Mapping of developmental species was done via a list of stages common to all bilaterian animals.
Obviously temporal resolution is lost when mapping a list of 40 developmental stages onto a list of only eight common stages, but the eight stages seem to be the largest set shared by all bilaterian species and they represent the key events in the development of an organism. The original species-specific stage annotation is not replaced by the stage mapping terms to keep high temporal resolution. However, the stage mapping establishes temporal relationships that can be used for cross-species queries.
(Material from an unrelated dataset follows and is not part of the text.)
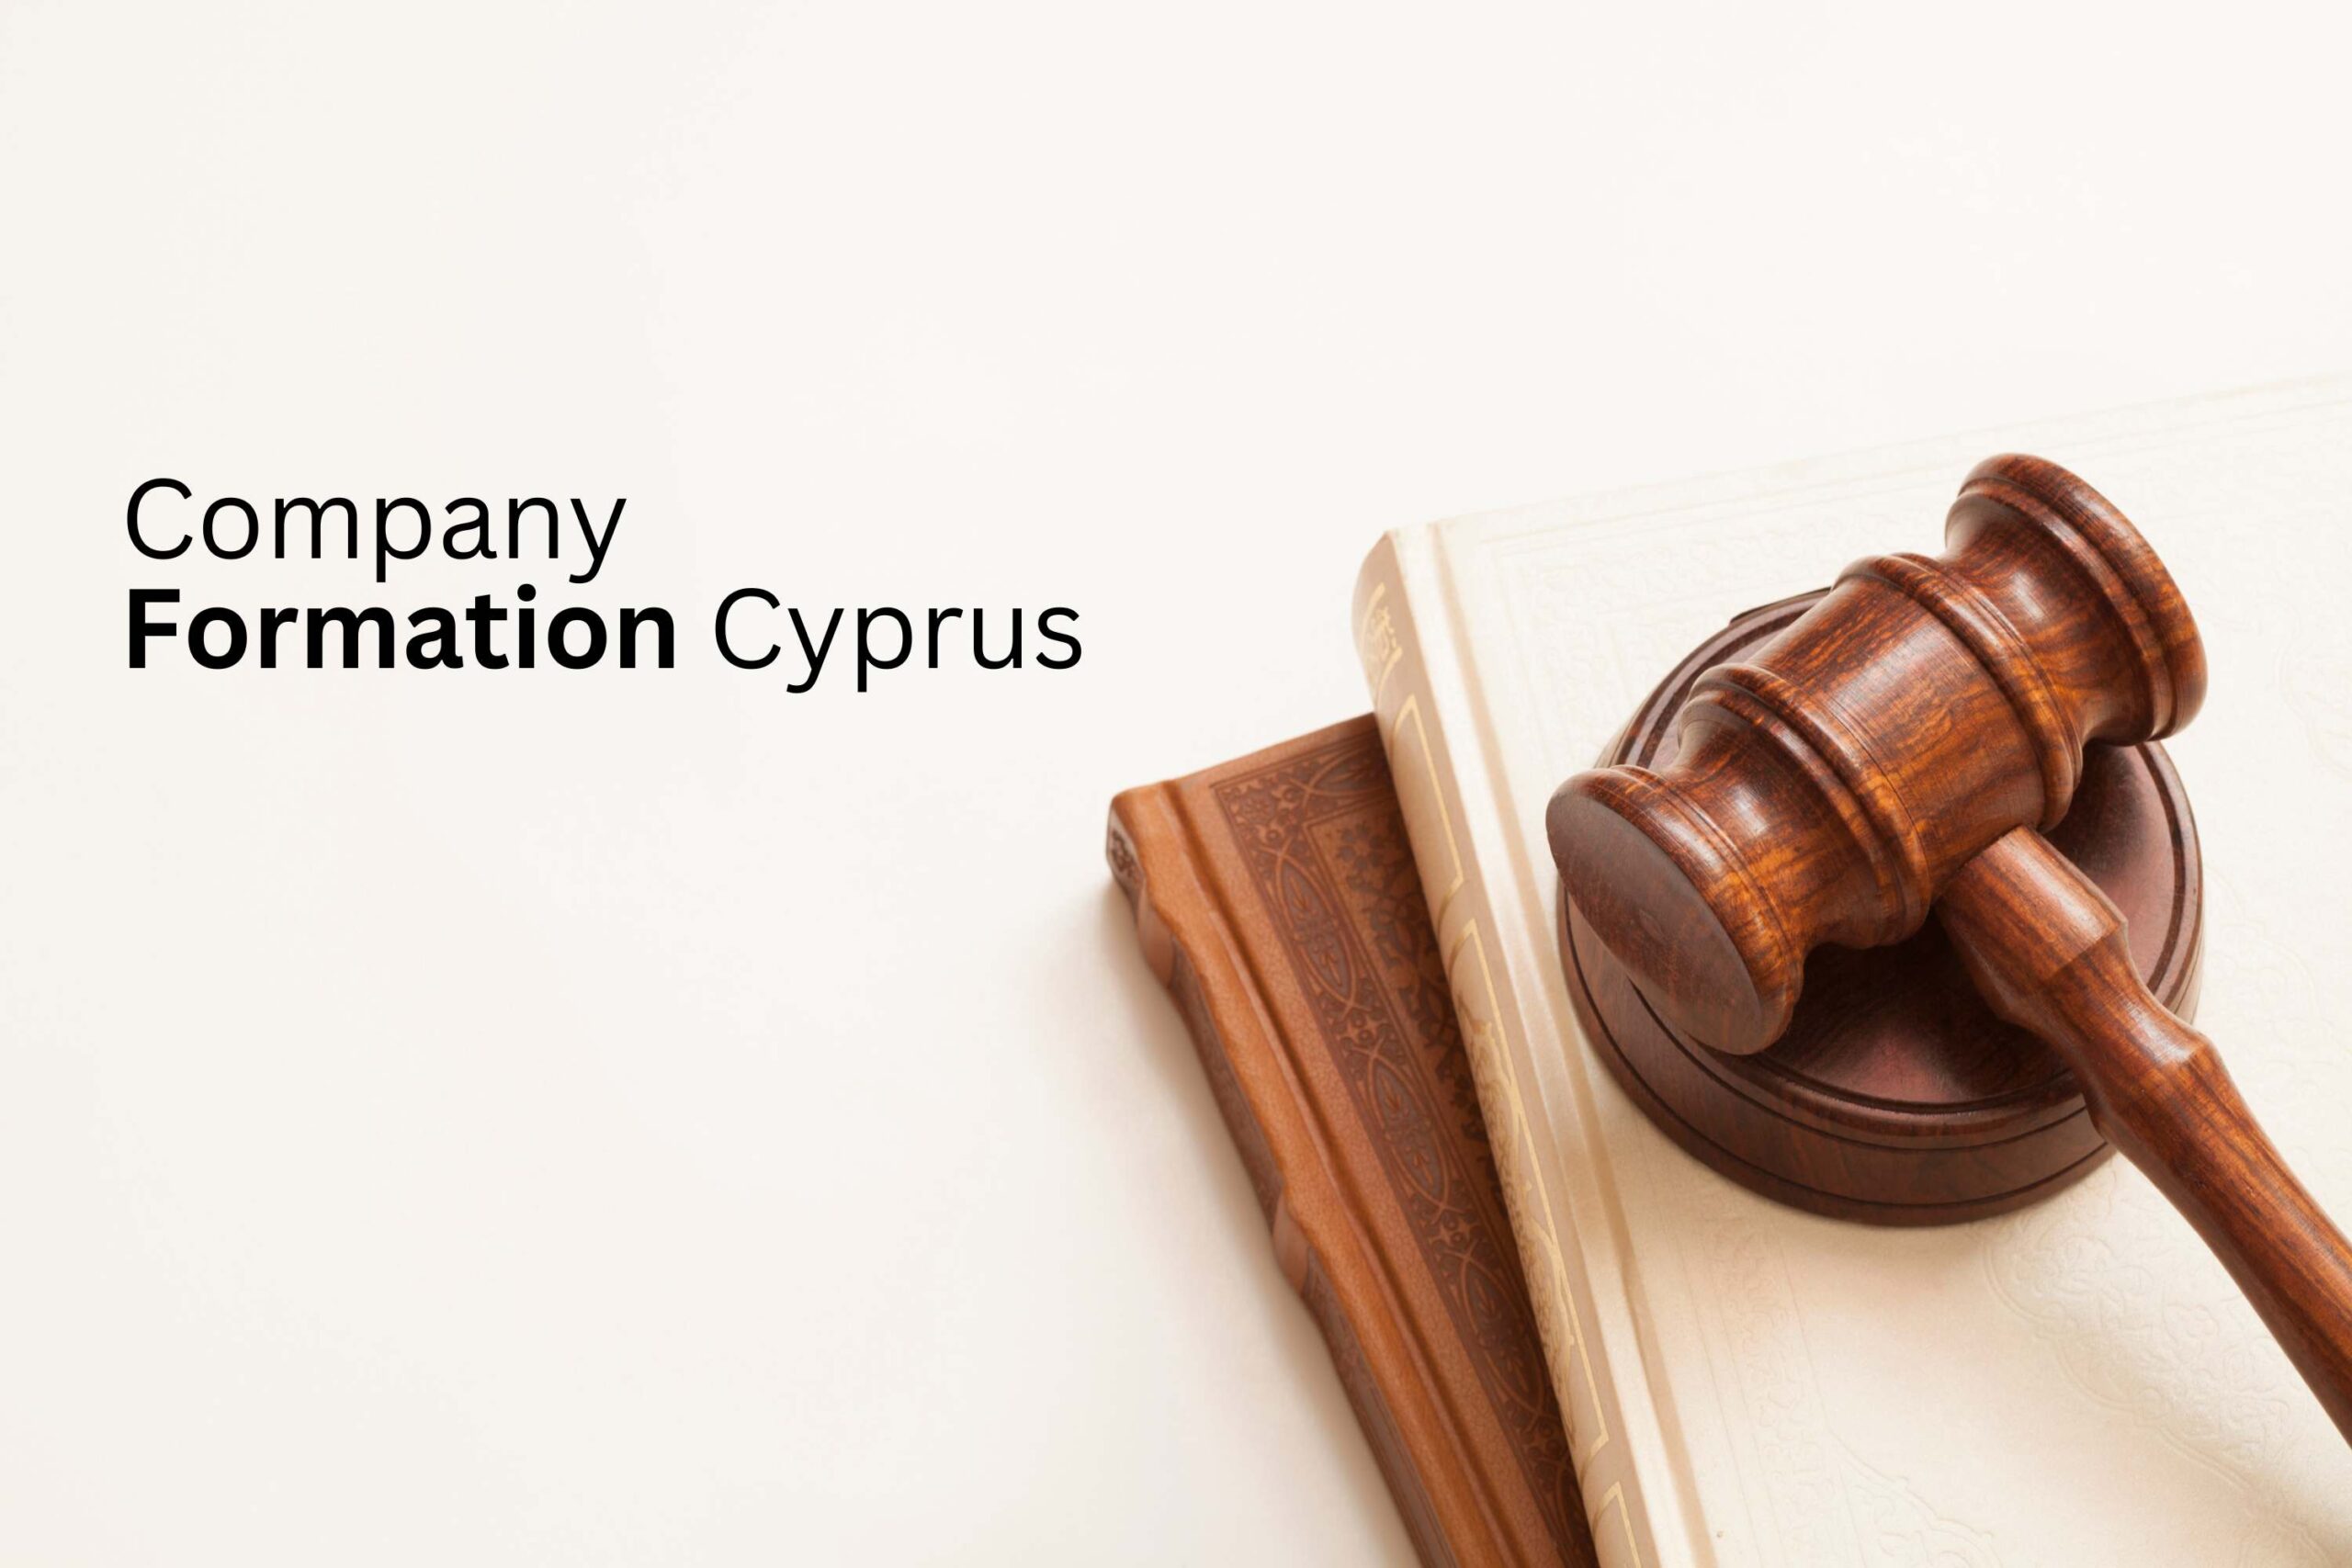 Company Formation Cyprus

The anatomy mapping will be an ongoing process the same as it is also an ongoing debate in the scientific community about which structures can be defined as being homologous. We have not yet carried out a complete anatomy mapping, but we have set up the resources and tools for doing so. Evidence from different analyses will need to be integrated for approaching this problem. One can use lexical, anatomy structure and co-expression cues to establish relationships between the anatomical terms. The first two cues can be used by just comparing the anatomy ontologies available for the model species (9
). For the inclusion of co-expression we are currently examining conserved network patterns in species-specific co-expression networks via orthology relationships. The user can exploit lexical cues already, using the term-based expression search (described below).
The common anatomy reference ontology (CARO) is being developed to facilitate interoperability between existing anatomy ontologies for different species. It aims to provide a template for building new anatomy ontologies. We think CARO could serve as a template to build an anatomy ontology shared by all bilaterians. Similar to the stage mapping we then want to map species-specific anatomy terms onto this common ontology.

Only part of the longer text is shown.